Family Guy: "Quagmire's Quagmire"
“Quagmire’s Quagmire” puts the viewer into something of a quagmire (I am so, so sorry). With the exception of the main plot, everything about this episode is great, and about as funny as Family Guy can be at this late date. But that plot is a doozy.
Trying to get his new MacBook repaired, Quagmire meets Sonia (Rachael MacFarlane) at the Apple store. It turns out she’s his dream girl, as kinky and insatiable as he is, and they hit it off—Glenn actually asks her out to dinner instead of taking her to his sex dungeon. Their meet-cute (both have identical taste in Latina porn) is actually kind of sweet, as is some of the insane stuff they do (rolling around in ink to form Chinese characters). There’s an awesome version of this episode where Quagmire and Sonia just get really kinky and weird with each other and find happiness with someone who accepts them, bizarre sexual habits and all. But this isn’t it.
Instead, “Quagmire’s Quagmire” asks us to reject Sonia as an insane, horrible woman for being more intense than Quagmire. It’s fine when she roofies Quagmire (that, gross as it is, is how they fall in love), and ridiculously uncomfortable when she gets him to have sex with his father (also gross). But then she becomes a stereotypical overbearing girlfriend when she bugs the Clam, for no real reason other than “that bitch cray.” She runs Glenn ragged until he has to try to find a word other than “no” to mean “no” (oh no!), and finally kidnaps him to keep in a sex dungeon whose main difference from Quagmire’s house is that it’s a shed. If you squint, you can see Sonia as a slightly removed look at how terrifying Quagmire would be if he were a real person. But the show has gotten so much mileage out of jokes about Quagmire’s penchant for abusing women that it’s hard to take the concept of “too far” seriously. Sonia turns into just another crazy chick for the show to crap on, and that sucks.
The episode’s treatment of Sonia is especially disappointing in what’s otherwise an excellent Family Guy. Every episode of the show rests on how many of the jokes work, and besides all of the terrible Apple jokes in the first act, a startling number land. Joe is a stealth MVP—his car swap (and subsequent DUI stop) with Peter is great, as is the way Peter and Quagmire both forget his birthday and “agree” not to get him anything, which comes back in a big way at the end when Peter goes ahead and gets Joe a gift anyway. Tonight’s cutaways are dynamite, from Chris’ condom Halloween costume that Quagmire doesn’t understand (which to be honest took me a second to get) to Peter’s deliberation on his fast food order in what I assume and hope is an extended homage to the Futurama pilot and Oscar the teddy bear’s paintings of Stewie.
That Rupert-Stewie-Brian B-story is probably the best part of the episode. Family Guy has gotten a lot out of Stewie treating Rupert like a real person, and tonight doesn’t disappoint. While cleaning out the attic, Lois finds Stewie’s first teddy bear, Oscar, who was also Stewie’s first great love. The breakdown of Stewie and Rupert’s “marriage” is excellent, even if all of the jokes come from the contrast between Stewie’s stereotypical suburban unhappiness and Rupert’s being a stuffed animal. As presented in the episode though, Stewie only decides he wants Rupert back for two reasons: He gets jealous of Brian for some reason, and the episode kind of arbitrarily decides he needs to (these are not mutually exclusive). That kind of mimics the way I feel about the Sonia plot: An interesting premise went to places the show wasn’t super comfortable with or capable of handling, and it messed up the landing.
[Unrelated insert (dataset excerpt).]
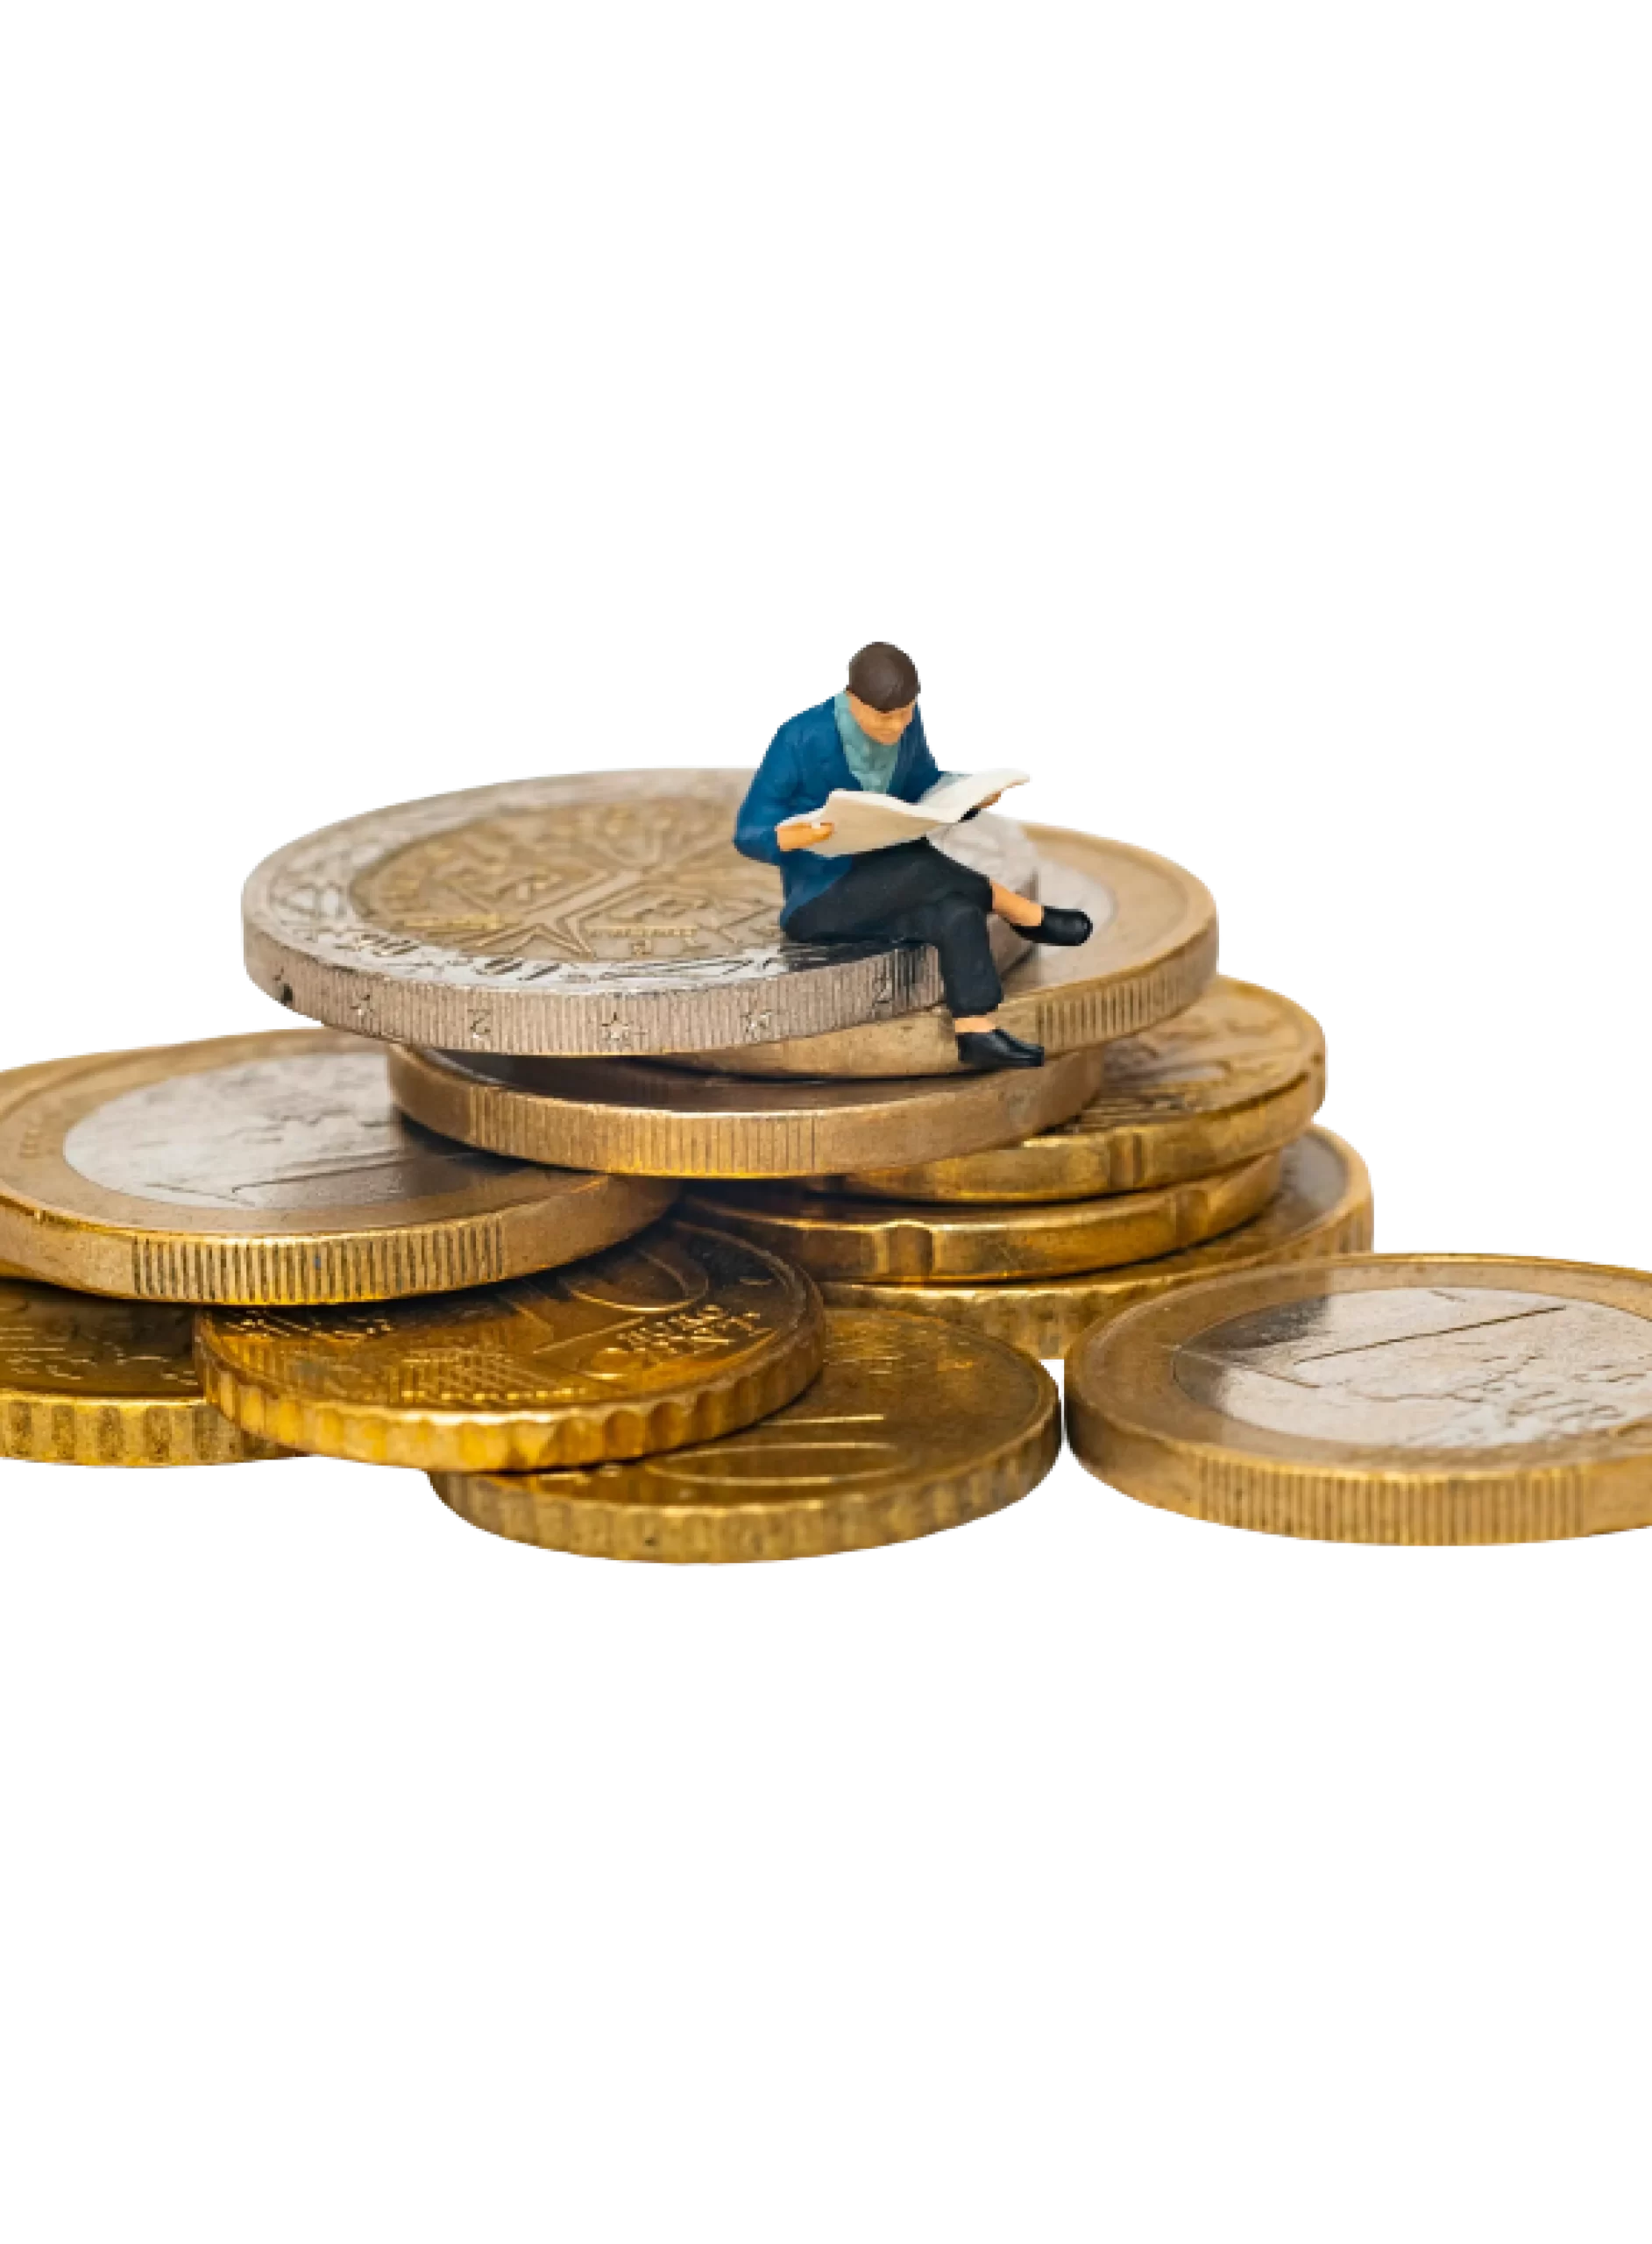 A man sitting on top of a stack of coins.

At least in the Stewie plot we get that bleak cutaway of Oscar hanging himself in front of a massive painting of Stewie.
To some extent, I feel guilty about pressing on my problems with the Sonia plot. I don’t want to spend most of my time here complaining about the icky quality of a lot of the show’s humor (though I think I’ve said that every episode so far, so sorry again). Family Guy can (and does) make whatever sort of jokes it wants. But in this case, the show had the chance to stay true to itself while also doing something genuinely interesting and new in an episode that was stuffed with good jokes, and I’m sad it didn’t do it.
Stray Observations:
- Unofficial cutaway counter: 12. Honorable mentions: The “Whom” owl, Joe and Quagmire apple picking, and the first guy who owned a Model T.
- So, Quagmire’s dad is pregnant, huh? Besides the fact that that’s biologically impossible… ew.
- Not sure I can stress enough how funny I found that teddy bear suicide. Feel free to take away whatever you want from that.
- Peter: “Well, I guess this is as good a time as any. Happy birthday, Joe!” Quagmire, hanging in a sex shed: “You dick!”